Monday, March 20, 2017

Malthus, food, privileged cores, and church

Ecologic crisis begins locally, then expands until it achieves certain thresholds, whereupon quantity is transformed into quality, and the crisis generalizes. 





Do we really need to expound here on our ecologic crisis? Well, yes, we do. Because we all may recognize what has happened to the atmosphere, the forests, the soils, the water, the ocean, and the species that are dying off at an unprecedented rate; but there is still an imperial narrative out there, that the core problem is something called “overpopulation,” and that the fix is reducing human fecundity. Especially humans that are not quite on par with “us.” This is the essence of Malthusianism.


Thomas Malthus was an Anglican curate who was friends with Hume and Rousseau in the latter eighteenth century who said that population increases faster than land can support it. Malthusianism has come to mean those who see the world’s problems are primarily a problem of “overpopulation.” Many Malthusians have advocated policies like mandatory sterilization and birth control. Malthusianism does not always entail racist ideas, though it often has. In the Chinese case, mandatory population control measures have targeted women, and have resulted in far fewer female births (because traditional ideas favor male children and females are aborted).

This idea is popular even among many so-called progressives, which is unsurprising, given that progressivism has embarrassingly deep eugenic roots of which most so-called progressives are actually unaware.
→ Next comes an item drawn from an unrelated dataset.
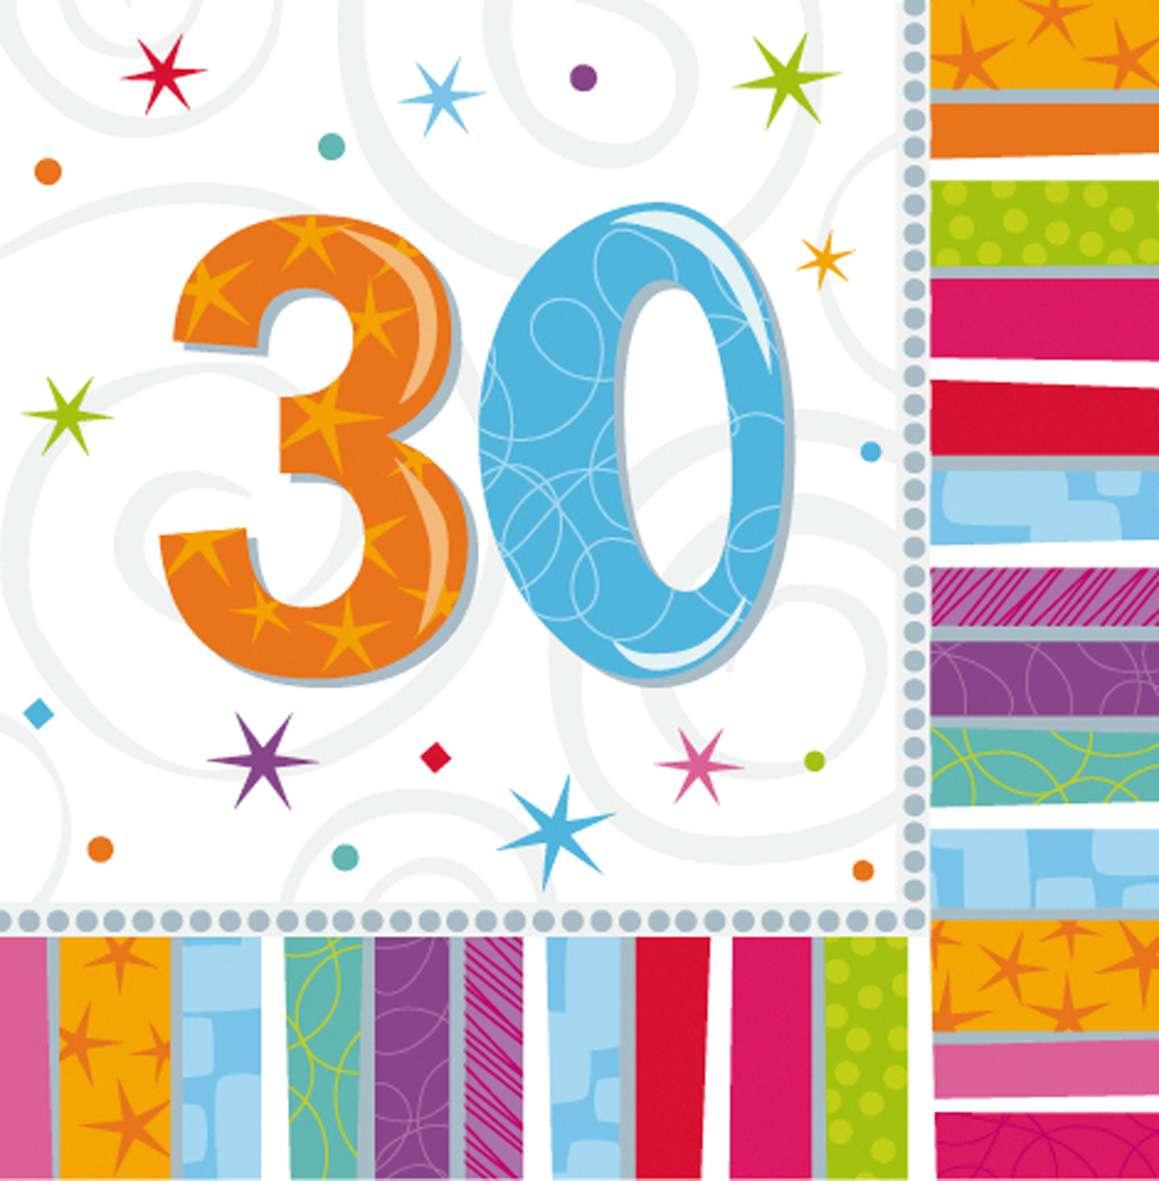 bunte regenbogen serviette zum 30geburtstag 16 stueck 1xykpToq7dN7Ub 600x600 2x
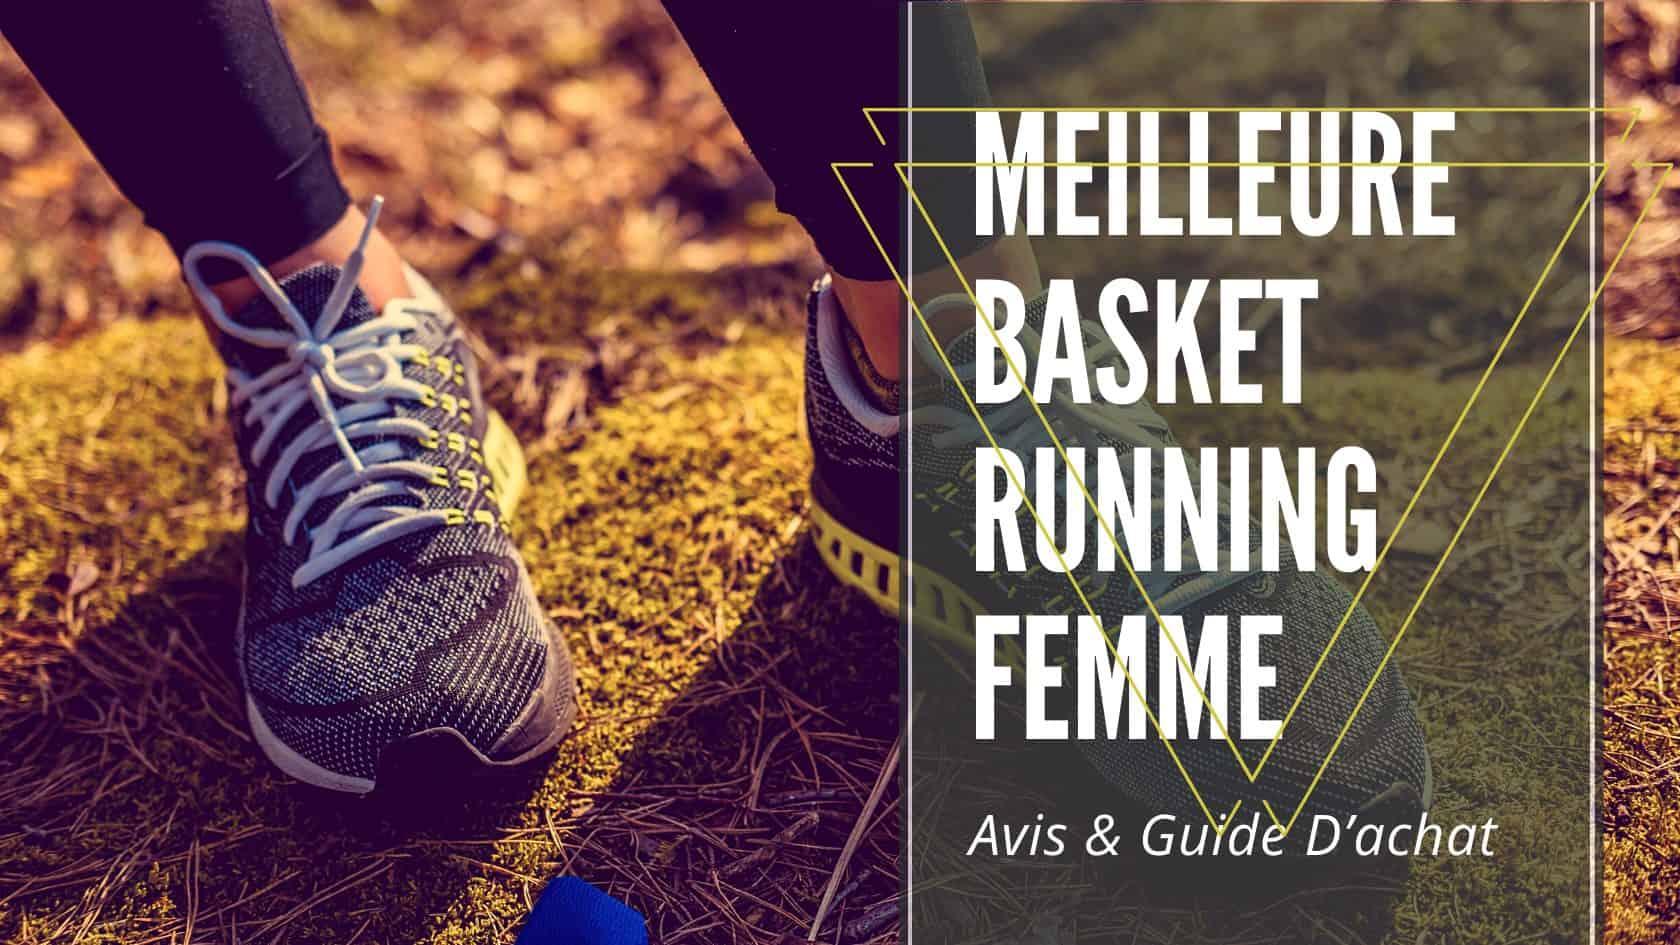 Meilleure Basket Running Femme

I hesitate to even use the word population, because it has so many Malthusian and even eugenic echoes. The world’s conditions are not firstly a “population problem”; although how-many-of-us-there-are, in conjunction with how much we use, what we make, where we live, how we relate to each other is an aspect of our total ecology. So we are seven billion more or less, spread all over the place, clustered around water, depending on land to produce foods, fuels, fibers, minerals, livestock, etc. 

Anti-Malthusians (like the author) point out that population does not increase in advance of land use, but in response to it. When more cheap food is available (due to changes in land use and agriculture), then the population increases in response. The problem we face now is that we have increased food production and thereby increased population based on a model of agriculture that is not sustainable.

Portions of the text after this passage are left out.